Wednesday, 28 January 2015

Broomstick crochet cowl

I found this technique in a magazine a while back, and initially used it to create a lace curtain for a bathroom window. Over Christmas it came in handy for this idea I had for a button-up cowl. I made one for a friend and one for my sister-in-law.

The technique is actually fairly simple, really only using double crochet stitch ("single crochet" if you are using American terminology). The pattern is created by every third row being made up of loops over something with a broad diameter - the "broomstick" of the title.

When working this in crochet cotton for the lace curtain, I used a 10mm knitting needle as my "broomstick". For this chunky yarn, the handle of one of hubby's golf clubs turned out to be the ideal diameter, so strictly speaking this is golf-club crochet!

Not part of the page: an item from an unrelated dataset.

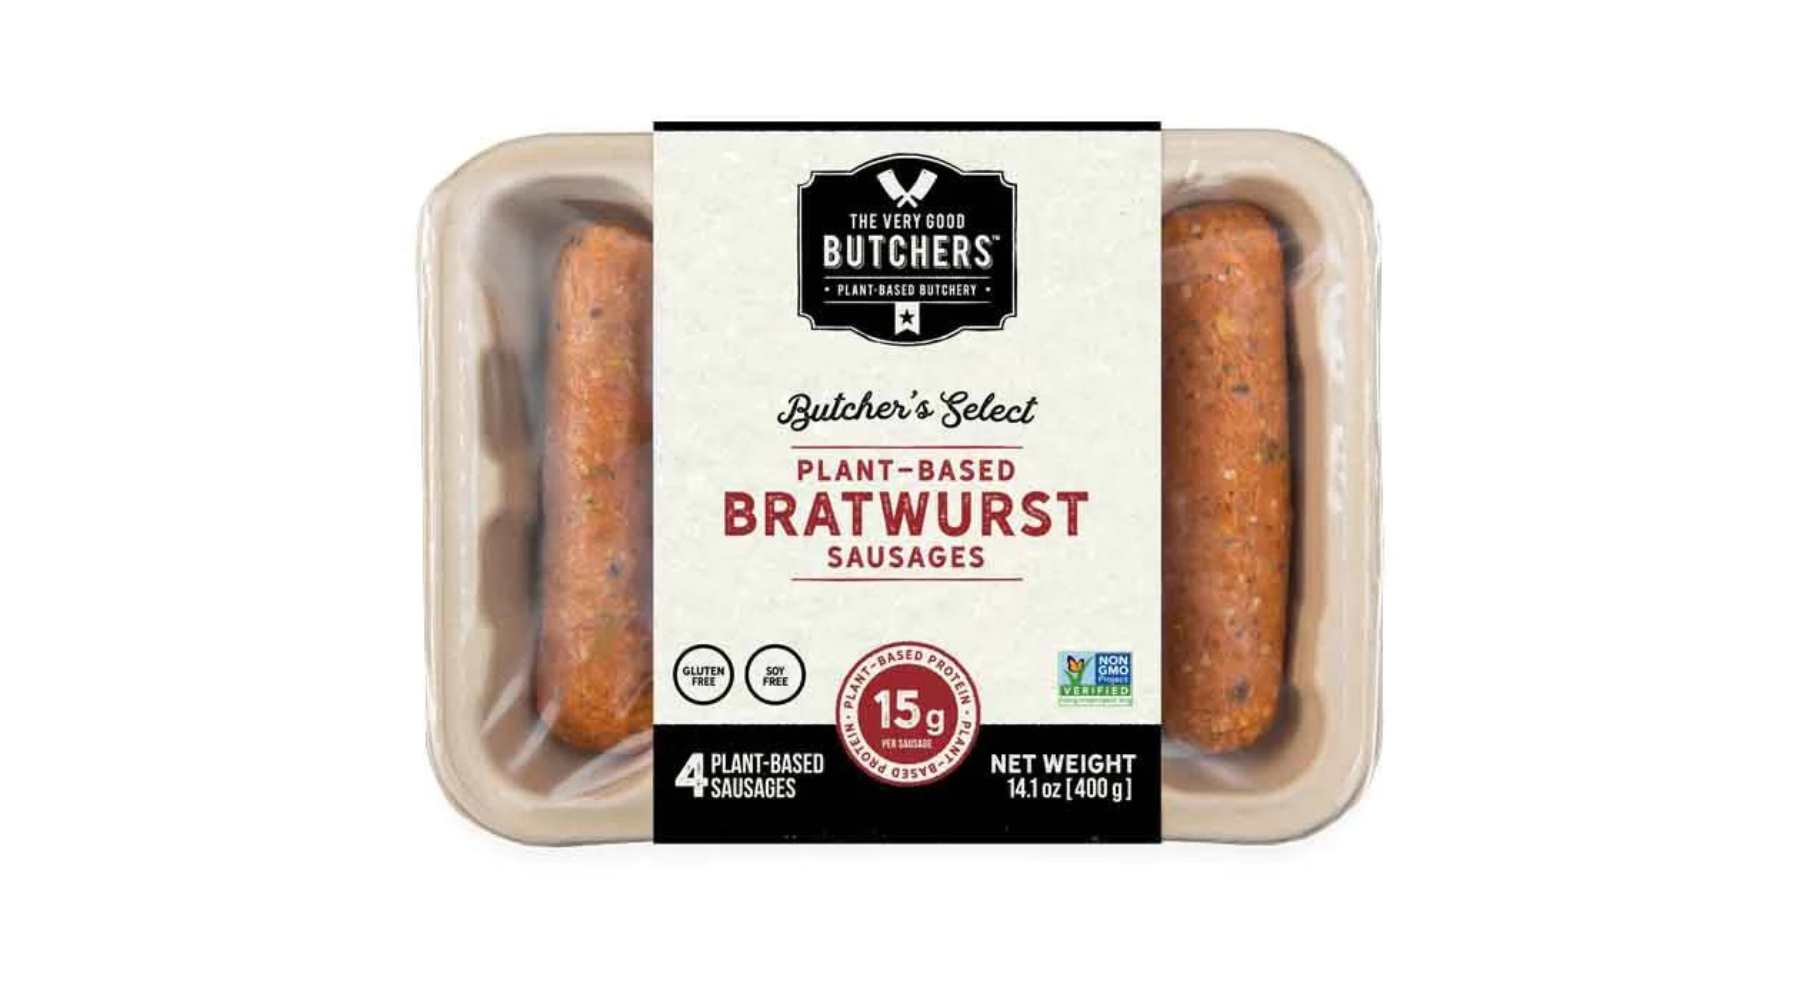 The Very Good Butchers - Bratwurst Sausages

The buttons were sewn onto the foundation rows, and align naturally with the loops forming buttonholes. There is also the added advantage that they can be buttoned into any of the loops, making the cowl tighter or changing its shape as required.

The pattern I used involved a five stitch repeat, so I started by making a chain of stitches divisible by 5 + 1 turning chain. (The pattern is commonly adapted using between four and six stitches - I've yet to play with those!)

 There were then three rows of double crochet to form the foundation rows/button band.

On the fourth row, and without turning the work, the stitch is taken off the hook and looped over a broomstick. Using the hook, the yarn is drawn through each stitch except the first, and another loop added to the broomstick. This leaves a row of stitches more similar to knitting than crochet.

Again, without turning the work, the loops are then taken from the broomstick in groups of five. So the first five stitches are lifted off the broomstick onto the crochet hook. Yarn round hook and pull through all the loops followed by a chain stitch, which secures the five loops together. Then five double crochet stitches are worked into the loops. This pattern is repeated until all the loops have been removed from the broomstick.

The work is then turned with a single chain, and a double crochet stitch is worked into each stitch to the end of the row.

These last three rows (4-6) form the pattern, and are repeated until the piece has the desired length. Because of the large loops it grows fast, and so is extremely satisfying!